El concepto de un cuerpo tan denso que ni siquiera la luz puede escapar de él fue descrito en un artículo enviado en 1783 a la Royal Society por el geólogo y clérigo inglés John Michell. Por aquel entonces la teoría de Newton de la gravitación y el concepto de velocidad de escape eran muy conocidas. Michell calculó que un cuerpo con una densidad 500 veces mayor que la del Sol, pero con su mismo radio, tendría, en su superficie, una velocidad de escape igual a la de la luz y sería invisible. En 1796 el matemático francés Pierre-Simon Laplace explicó en las dos primeras ediciones de su libro Exposition du Systeme du Monde la misma idea, aunque, al ganar terreno la idea de que la luz era una onda sin masa, en el siglo XIX fue descartada en ediciones posteriores.
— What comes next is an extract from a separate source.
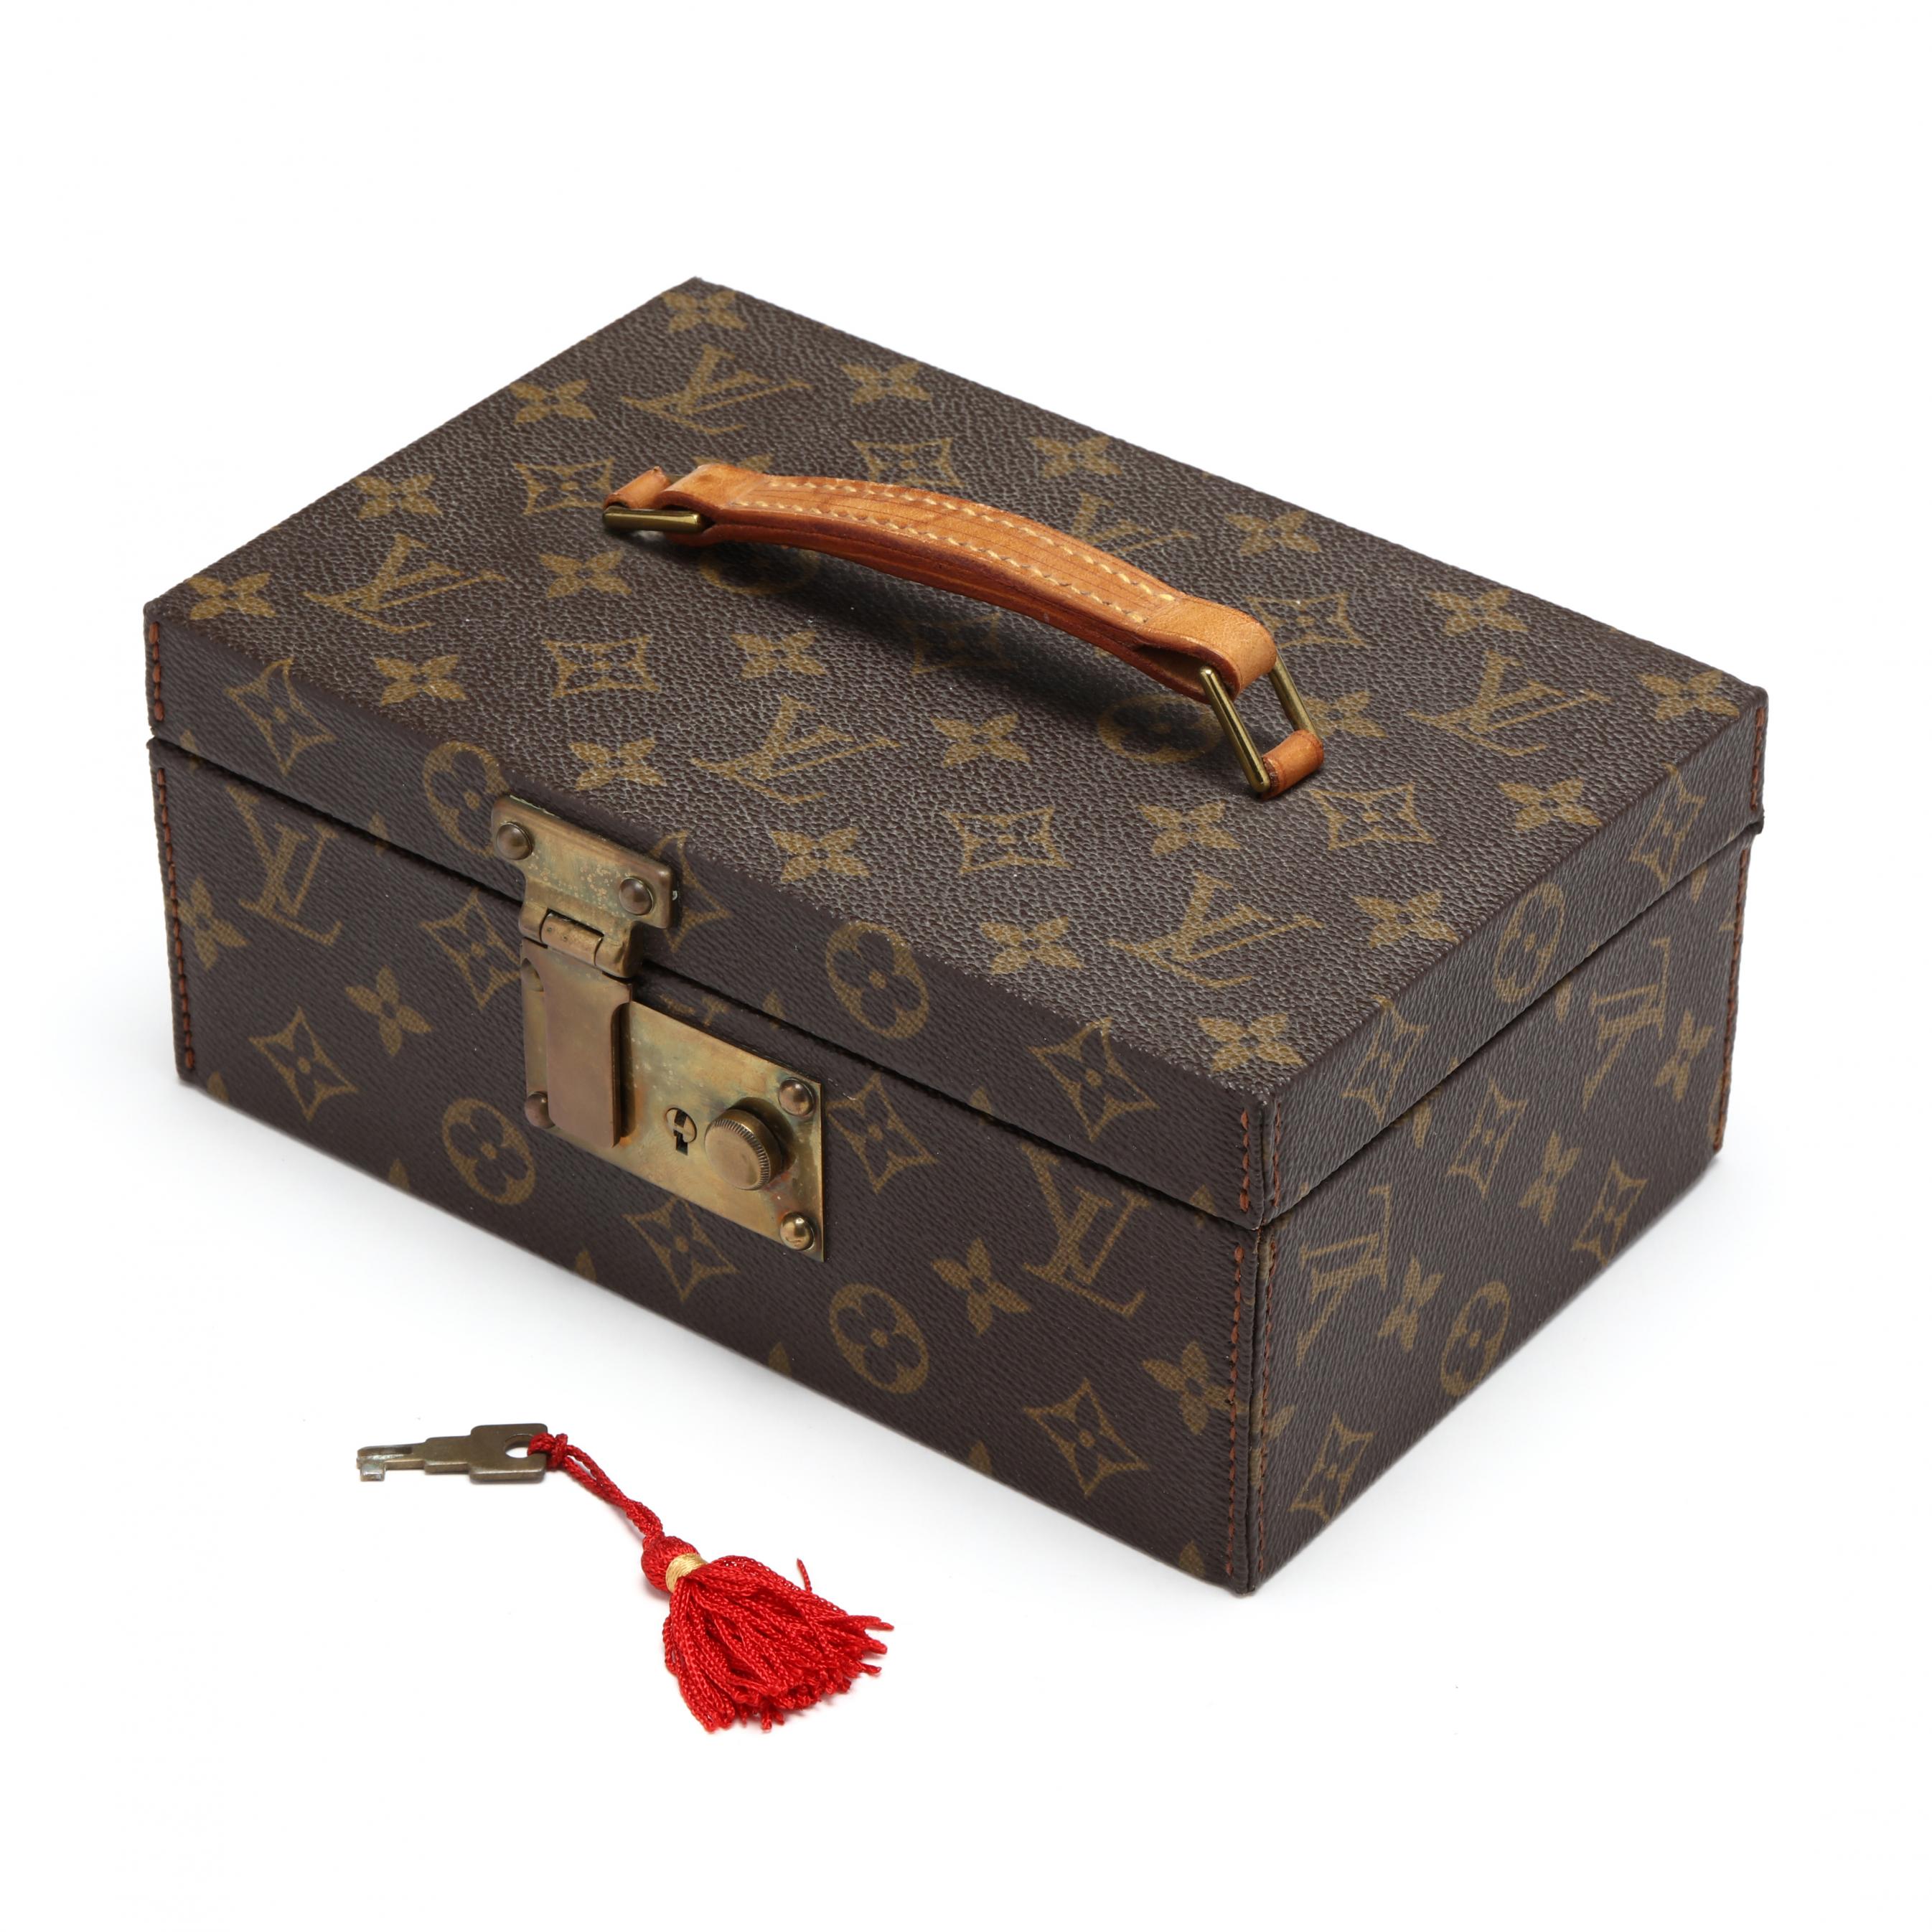 Monogram Boite A Tout Jewelry Hard Case, Louis Vuitton (Lot 136 - Upcoming:  The Important Spring Auction, Saturday, March 14thMar 14, 2020, 10:00am)

En 1915 Einstein desarrolló la relatividad general y demostró que la luz era influida por la interacción gravitatoria. Unos meses después Karl Schwarzschild encontró una solución a las ecuaciones de Einstein, donde un cuerpo pesado absorbería la luz. Se sabe ahora que el radio de Schwarzschild es el radio del horizonte de sucesos de un agujero negro que no gira, pero esto no era bien entendido en aquel entonces. El propio Schwarzschild pensó que no era más que una solución matemática, no física. En 1930 Subrahmanyan Chandrasekhar demostró que un cuerpo con una masa crítica (ahora conocida como límite de Chandrasekhar) y que no emitiese radiación, colapsaría por su propia gravedad porque no habría nada conocido que pudiera frenarla (para dicha masa la fuerza de atracción gravitatoria sería mayor que la proporcionada por el principio de exclusión de Pauli). Sin embargo, Eddington se opuso a la idea de que la estrella alcanzara un tamaño nulo, lo que implicaría una singularidad desnuda de materia, y que debería haber algo que inevitablemente pusiera freno al colapso, línea adoptada por la mayoría de los científicos.
En 1939 Robert Oppenheimer predijo que una estrella masiva podría sufrir un colapso gravitatorio y, por tanto, los agujeros negros podrían ser formados en la naturaleza. Esta teoría no fue objeto de mucha atención hasta los años 1960, porque, después de la Segunda Guerra Mundial se tenía más interés en lo que sucedía a escala atómica.
En 1967 Stephen Hawking y Roger Penrose probaron que los agujeros negros son soluciones a las ecuaciones de Einstein y que en determinados casos no se podría impedir que se crease un agujero negro a partir de un colapso. La idea de agujero negro tomó fuerza con los avances científicos y experimentales que llevaron al descubrimiento de los púlsares. Poco después, en 1969, John Wheeler acuñó la locución «agujero negro» durante una reunión de cosmólogos en Nueva York, para designar lo que anteriormente se llamó «estrella en colapso gravitatorio completo».